- Born: October 14, 1969 (age 56)
- Education: Indiana University University at Albany, SUNY
- Known for: Work on social structure, alcoholic beverage consumption, and violence
- Awards: 2015 Freda Adler Distinguished Scholar Award from the American Society of Criminology's Division of International Criminology
- Scientific career
- Fields: Criminology
- Institutions: University at Albany, SUNY Georgia State University Emory University Indiana University University of Georgia

= William Pridemore =

American criminologist (born 1969)

William Alex Pridemore (born October 14, 1969) is an American criminologist who is the Chair of the Department of Sociology at the University of Georgia. He is also an affiliate faculty member at the Rollins School of Public Health at Emory University.

==Education==
Pridemore received his B.A. and M.A. from Indiana University in criminal justice, after which he received his Ph.D. from the University at Albany in 2000.

==Career==
Before joining the faculty of the University of Georgia in 2022, he previously served as the Dean of the University at Albany, SUNY's School of Criminal Justice and before that, as distinguished professor at Georgia State University in their Department of Criminal Justice and Criminology for two years.
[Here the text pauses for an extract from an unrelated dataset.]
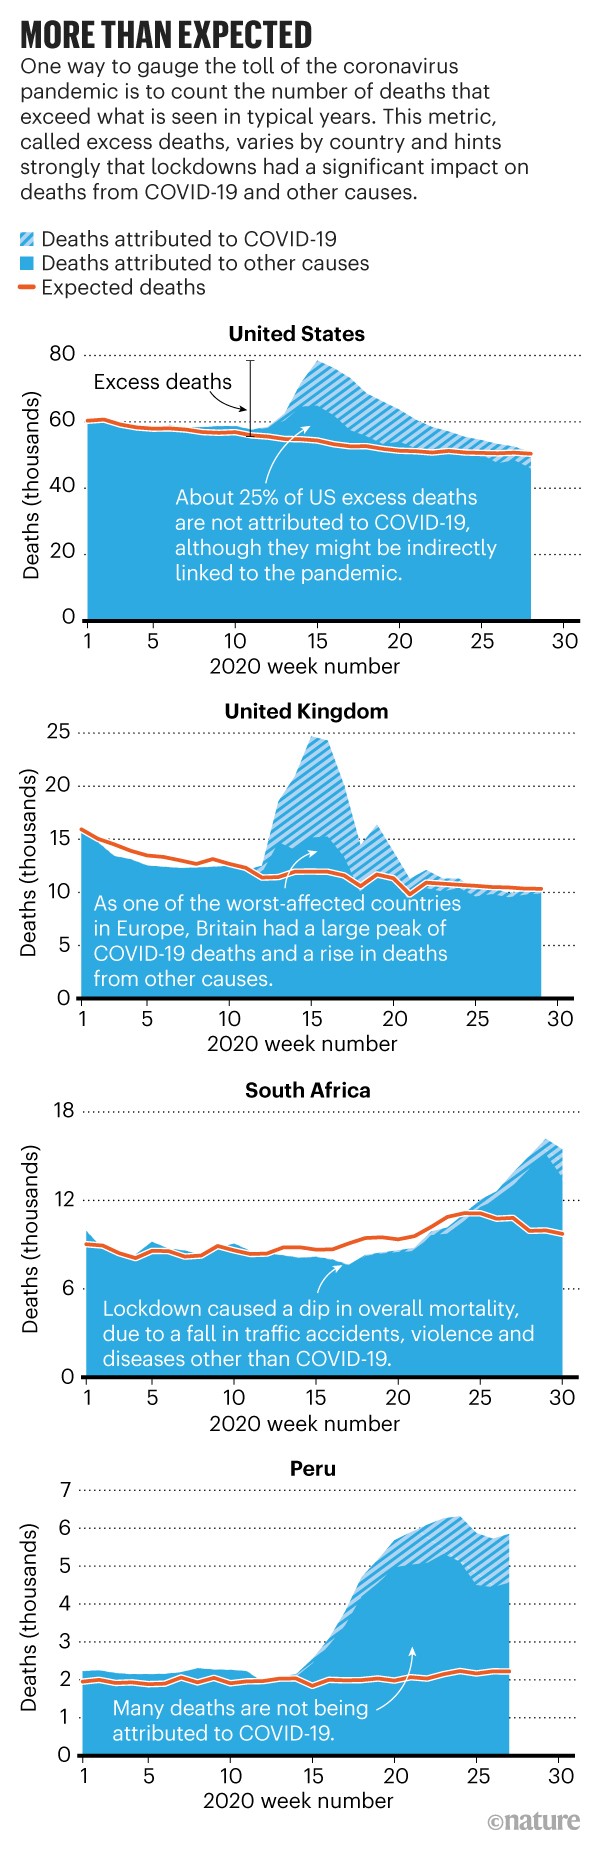 Infographic: More than expected. Four charts comparing the expected and actual deaths rates in four large countries.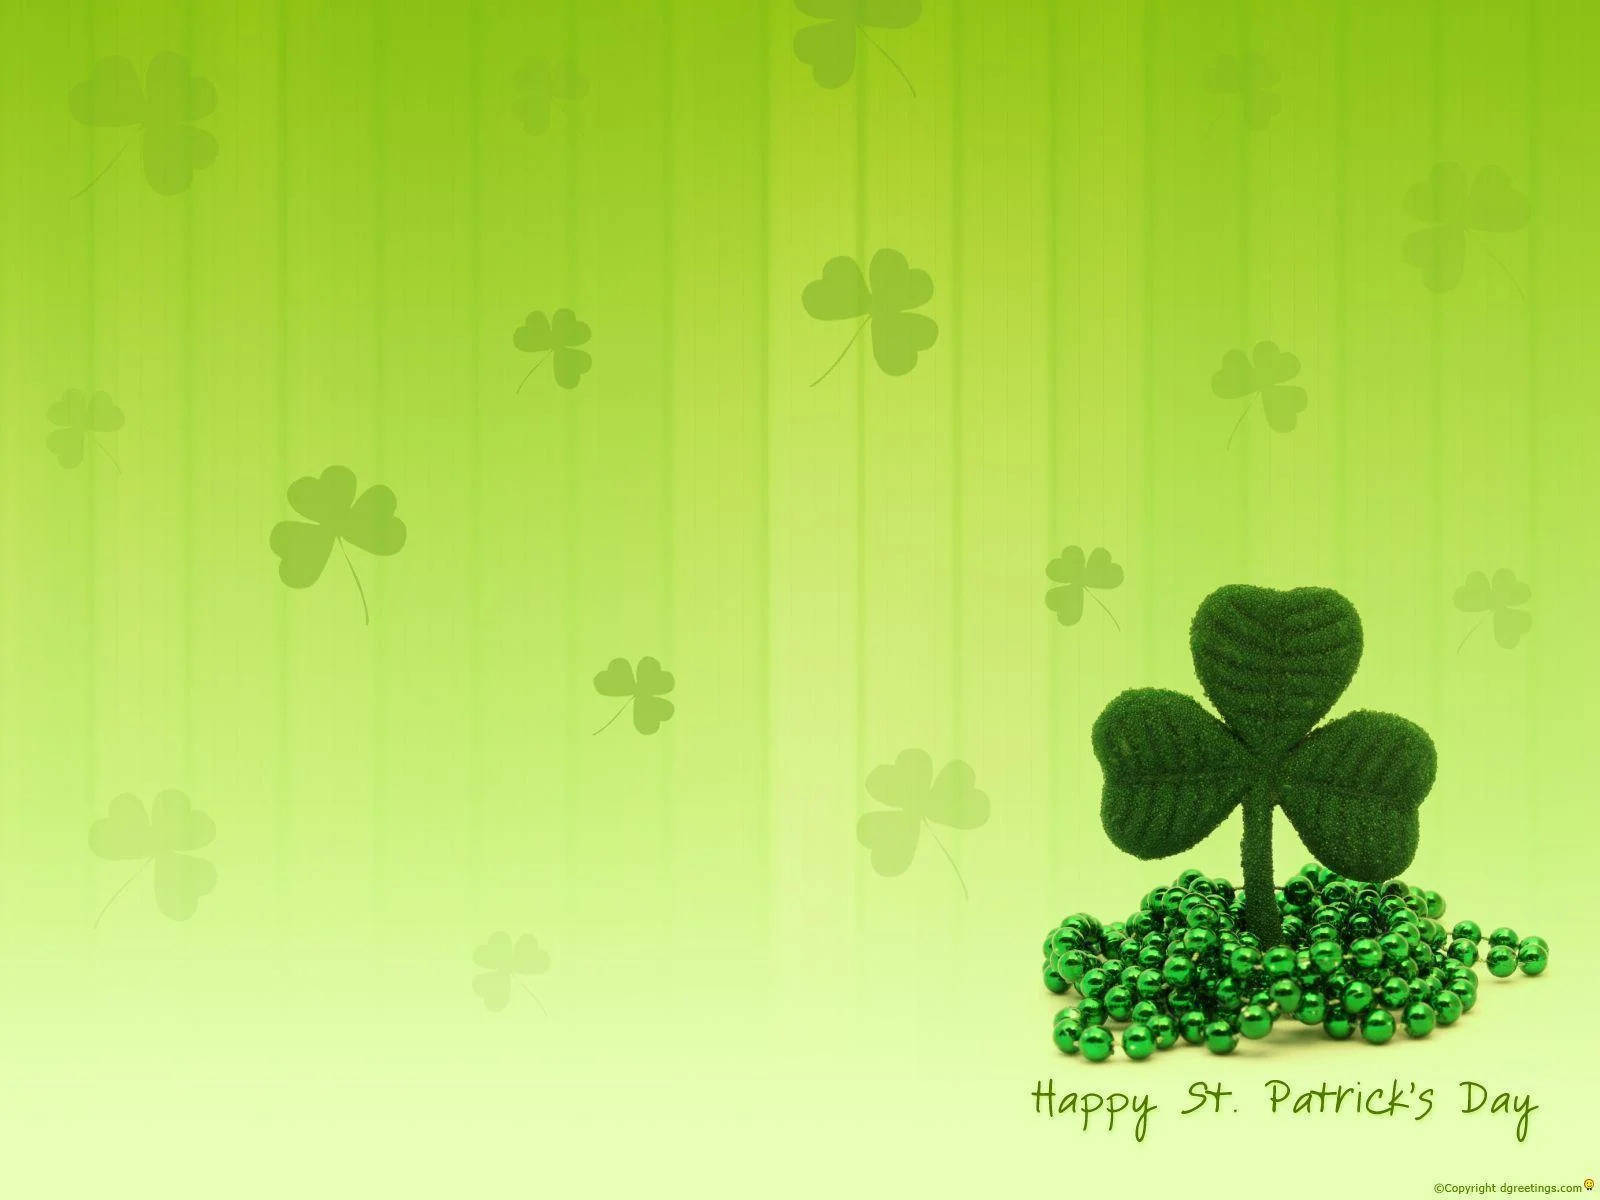 Saint Patrick’s Day With Clover Leaf Wallpaper

Before that, he was a professor in the department of criminal justice at Indiana University from 2009 to 2013.

==Research==
Pridemore is known for researching the relationship between social structure, alcohol, and violence. This research has reported a positive relationship between alcohol outlets and rates of assault, which he has also reported can be reduced by higher degrees of social cohesion in neighborhoods. He has also studied anti-abortion violence and the relationship between incarceration and mortality.